Let's focus on the slightly thicker line for which true F is equal to 2.30.
That line gives the cdf of the noncentral $\chi^2$ distribution with noncentrality parameter 2.30
In words: if the true $F$ is 2.30 then 95\% of sample $F$ should fall below 10
Contrapositive: if in an application you obtain a sample $F$ of at least 10, then it is unlikely that the underlying true $F$ was 2.30 (or lower)
This is a simple intuitive construction of a confidence interval for true $F$:
Your sample $F$ is 10 implies the confidence interval $F>2.30$ which in turn implies worst case empirical size at most 13.5%
Mapping from True F to sample F:
Case | True F | sample F | Worst case empirical size (when $\rho=1$) |
---|---|---|---|
1 | 1.82 | 8.96 | 15\% |
2 | 2.30 | 10.00 | 13.5\% |
3 | 5.78 | 16.38 | 10\% |
4 | 10.00 | 23.10 | 8.6\% |
5 | 29.44 | 50.00 | 6.4\% |
6 | 73.75 | 104.70 | 5.0\% |
Bottom line for practitioners:
If we want to be confident that the worst case empirical size will not exceed 15\%, then check that first stage (sample) F exceeds 8.96.
(That's the origin of the Rule of Thumb that F exceed 10.)
The table also shows that if you strive for an empirical size of 5\% then need a sample F of 104.7.
Stock and Yogo's approach is to recommend a sufficiently high sample F to avoid empirical size problems under the worst case scenario when $\rho=1$.
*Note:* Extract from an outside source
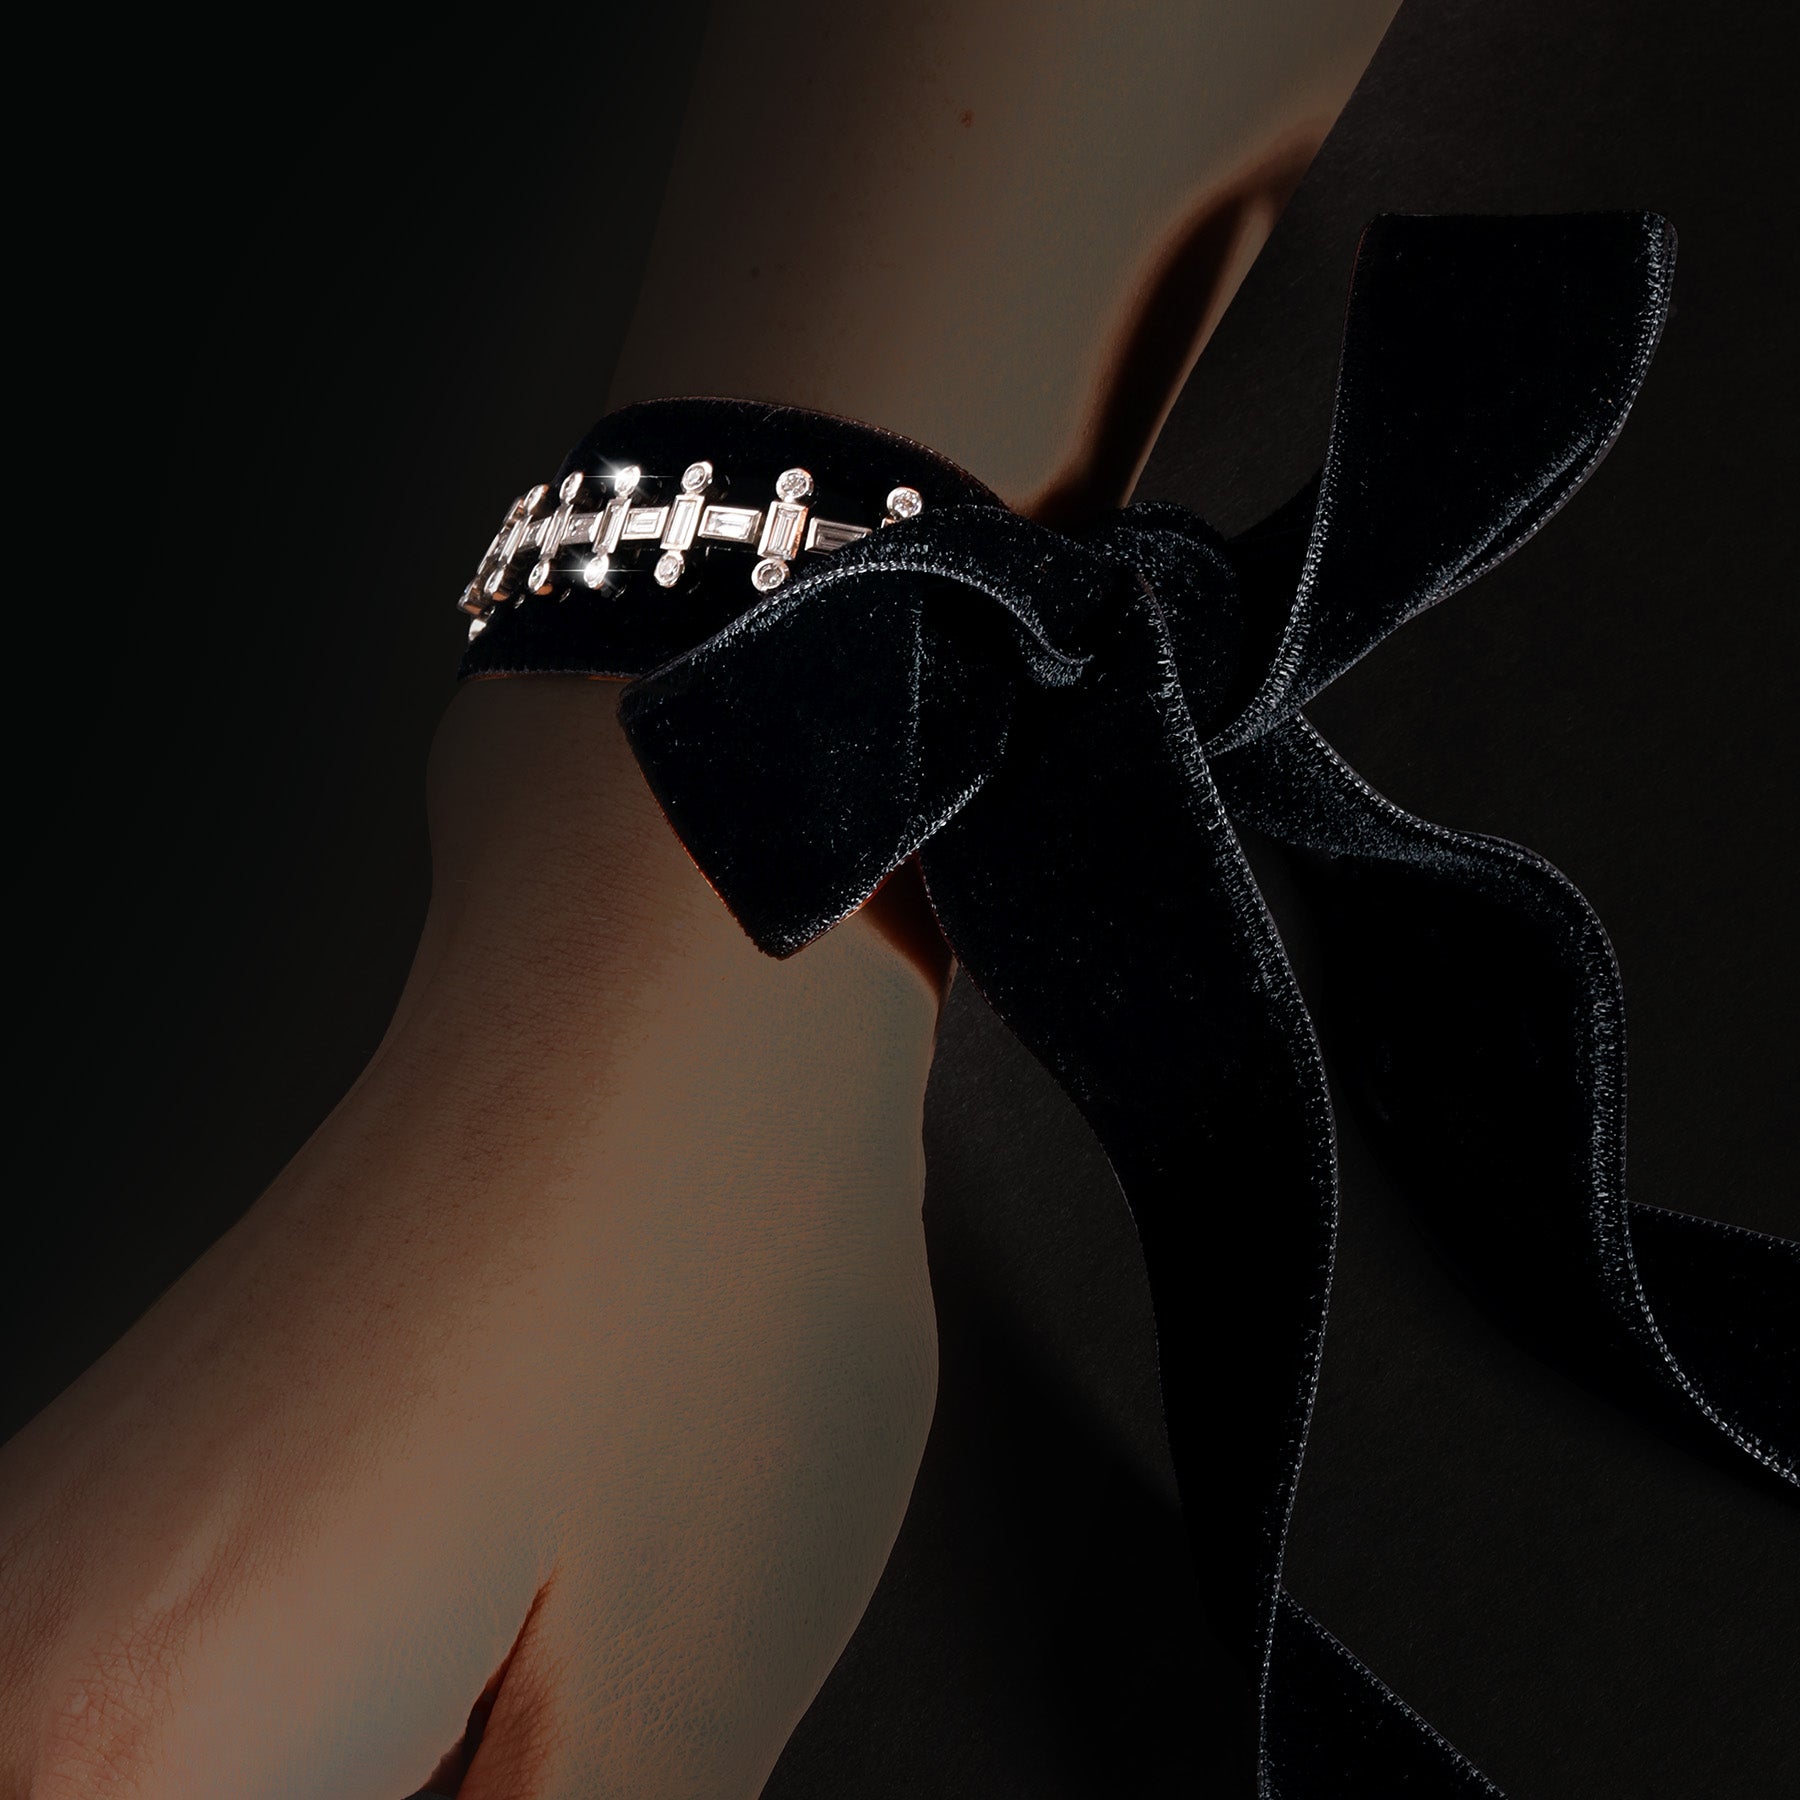 The Romantic Bracelet by designer Solange Azagury-Partridge - 18 White Gold and Diamonds - velvet ribbon styling

This is quite an unlikely case in practice. Here'a a back of the envelope calculation for a typical returns to schooling problem (taken from Keane & Neal):
sample correlation between earnings and schooling is 0.45 (using data from the US Panel Study of Income Dynamics 2025)
two effects can explain this correlation:
direct causal effect of education on earnings
indirect effect of ability on earnings (via ability's correlation with education)
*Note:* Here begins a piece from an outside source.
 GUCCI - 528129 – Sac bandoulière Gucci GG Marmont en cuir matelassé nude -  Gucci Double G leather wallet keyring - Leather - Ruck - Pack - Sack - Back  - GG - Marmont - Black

that indirect effect is the source of endogeneity
the largest magnitude the $\rho$ can be is 0.45, which would occur if the causal effect was zero
we conclude that $\rho$ must be somewhere between 0 and 0.45
This suggests that the worst case scenario of $\rho=1$ might both be unrealistic and unnecessarily conservative!
Are we over-insuring ourselves by considering such an extreme scenario?
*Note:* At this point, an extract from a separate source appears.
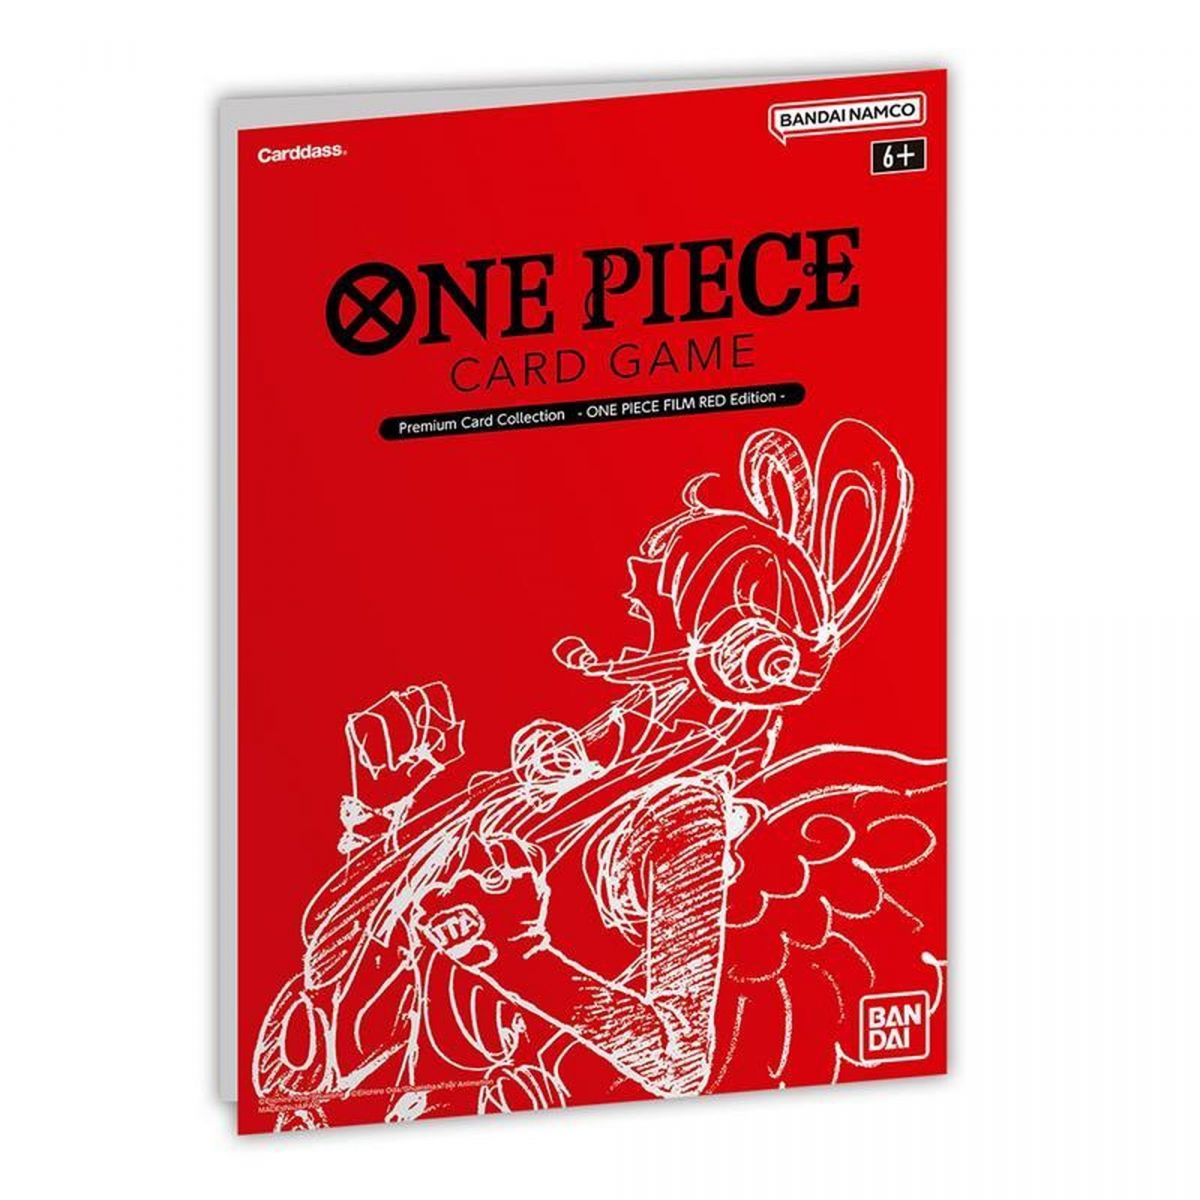 Item One Piece CG - Coffret - Premium Card Collection - Film Red Edition - EN

Quick check: Consider case 1, and plot empirical size against changing degree of endogeneity!
# replicating parts of Figure 1 of K&N
using Plots
using Plots.PlotMeasures: mm
rho_range = 0:.1:1
emp_size = Array{Float64}(undef, length(rho_range))
for i in eachindex(rho_range)
b_dst, se_dst, tiv_dst = finite_sample_distribution(F=1.82, rho=rho_range[i])
bnull = 0
tstat = abs.((b_dst .- bnull) ./ se_dst)
emp_size[i] = mean(tstat .> 1.96)
end
plot(rho_range, emp_size,
legend=false,
xlab="Degree of Endogeneity \\rho",
left_margin=20mm,
size=(800,600))
hline!([0.05, 0.05])
annotate!(.10, 0.06, text("5% line", 10))
ylims!(0,.20)
title!("Empirical Size at Varying Degrees of \\rho \\n (True F = 1.82)")
What do we learn here?
It looks like the worst case scenario of $\rho=1$ leads to a selectively bad result.
More moderate degrees of endogeneity, say around $\rho=0.45$ (which might be more realistic in practice), are associated with good size properties!
On the other hand, very low degrees of endogeneity result in very low empirical size.
(This may seem desirable, but in a way it shows us that we don't really know what's going on with our test.)